Fancy-schmancy title graphic using a photo of an egret
Fancy-schmancy title graphic using a photo of an egret
One of many 100% guaranteed Scrub Jay-free trip reports available on Semanchuk.com.

All contents © 1999 Philip Semanchuk, Steve Semanchuk and Liz Skiles.

Don't ask me how we got started on the Florida Scrub Jay. It is a long story and only sounds sensible when drunk on the heady liquor of vacation planning. I may as well tell you right now that we never saw a single scrub jay, but we saw almost every other kind of bird imaginable, even one that is extinct (the dusky seaside sparrow, stuffed and mounted).

A photo of our rental van while it still looked nice

Steve, Liz and myself left frigid Asheville, NC, on December 30, 1999 in our rented 1999 Mercury Villager.

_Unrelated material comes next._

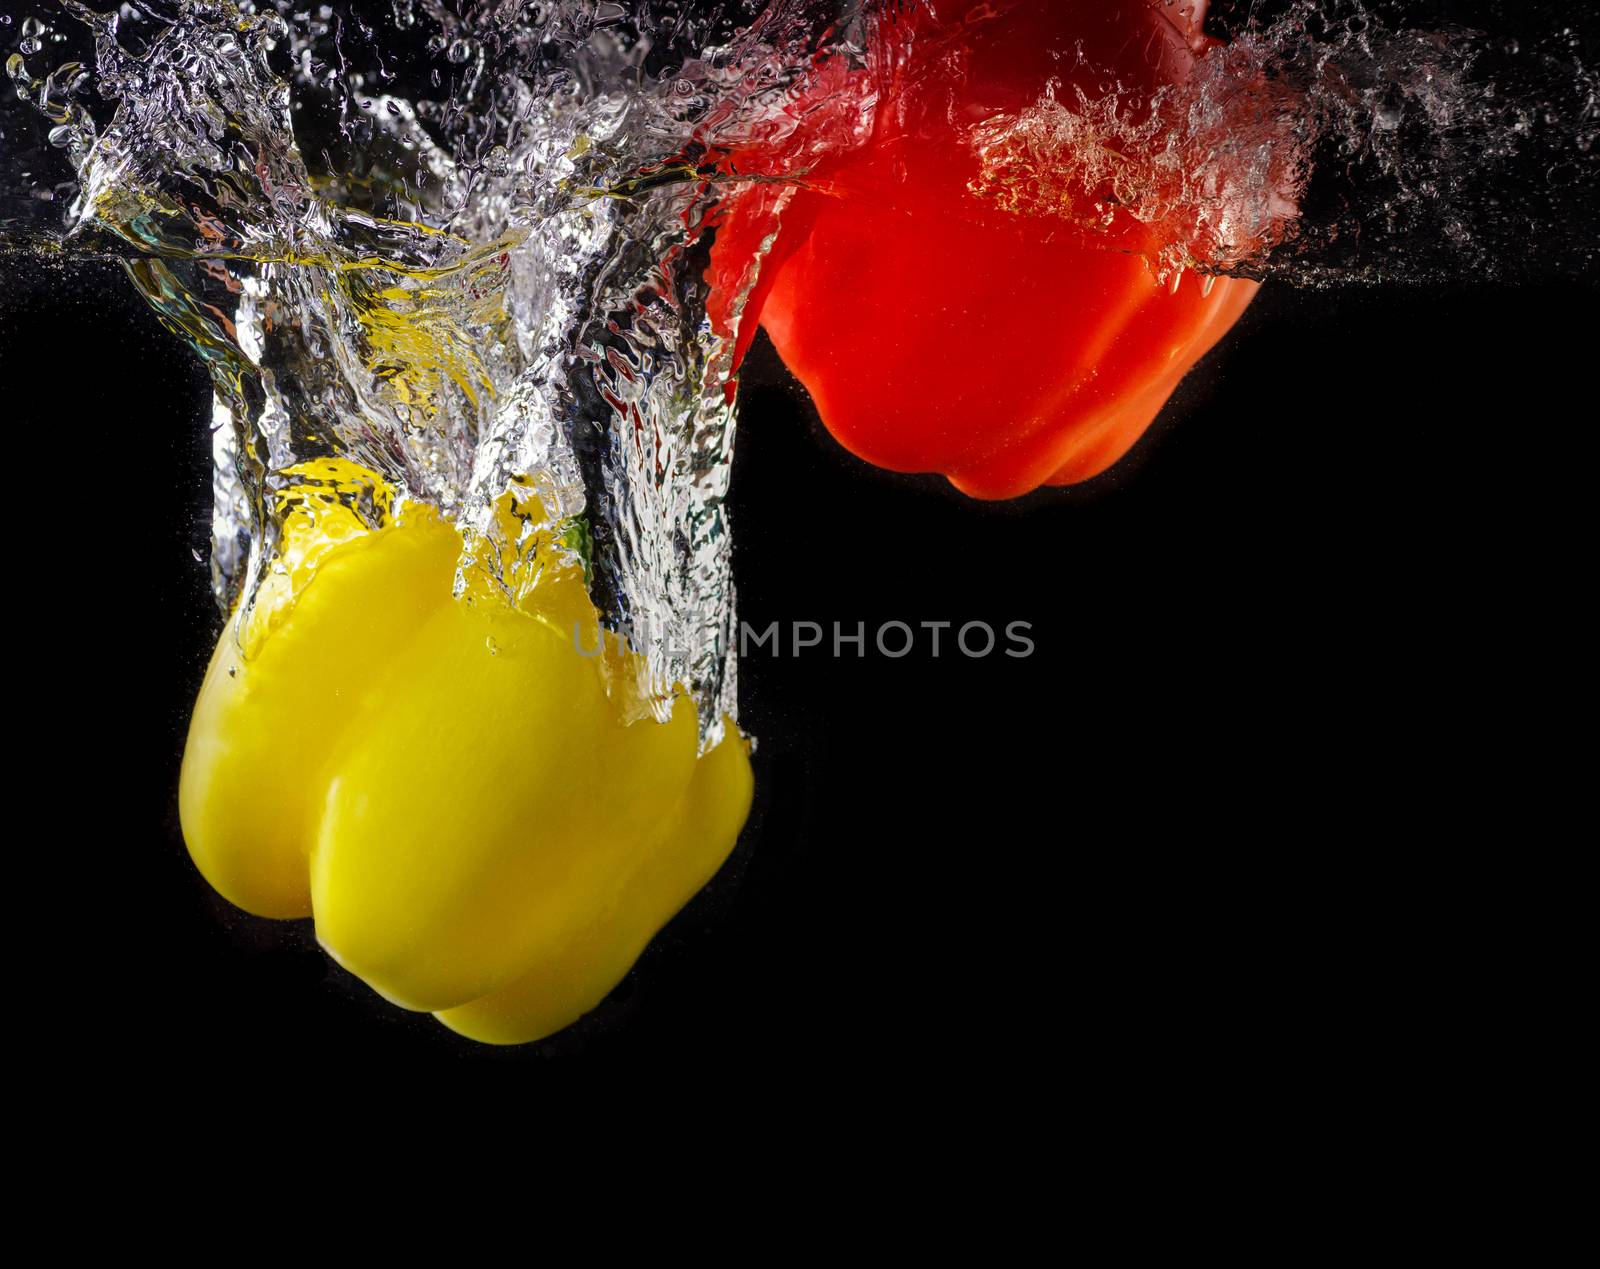 Vegetables tomato and paprika in water splash on black background

We christened it The Cruisemobile; my cat who was riding with us performed a christening ceremony of her own. After a brief stop to drop the carsick kitty off at Mom's house, we drove and drove and drove and didn't stop until we crossed the Florida state line where I ignored the stern fruit and vegetable vehicle inspection signs (I never saw a place to pull over, I swear) and pulled into Fort Clinch State Park just before dark. Not having a tent of my own, I had borrowed one from my brother Pete. Liz requested that I make camp upwind since Pete was apparently lax about airing out his tent the last time he used it. Thus it became the Stinky Pete Tent. Didn't bother me any.

Cumberland Island

We got up early-ish on the 31st and put out at the kayak-friendly beach by our campsite. Fort Clinch is at the very north end of Amelia Island, Florida and unless it is very very foggy (like it was when we woke up), you can see Cumberland Island, Georgia from the beach. Our plan was to paddle to the back side of Cumberland and that's exactly what we did once the fog lifted. Despite the Cumberland Queen's attempts to swamp us with its wake (a pox on the inconsiderate ruffian that skippered that ferry!) we made it to Sea Camp dock in 100 minutes and got to see dolphins on the way.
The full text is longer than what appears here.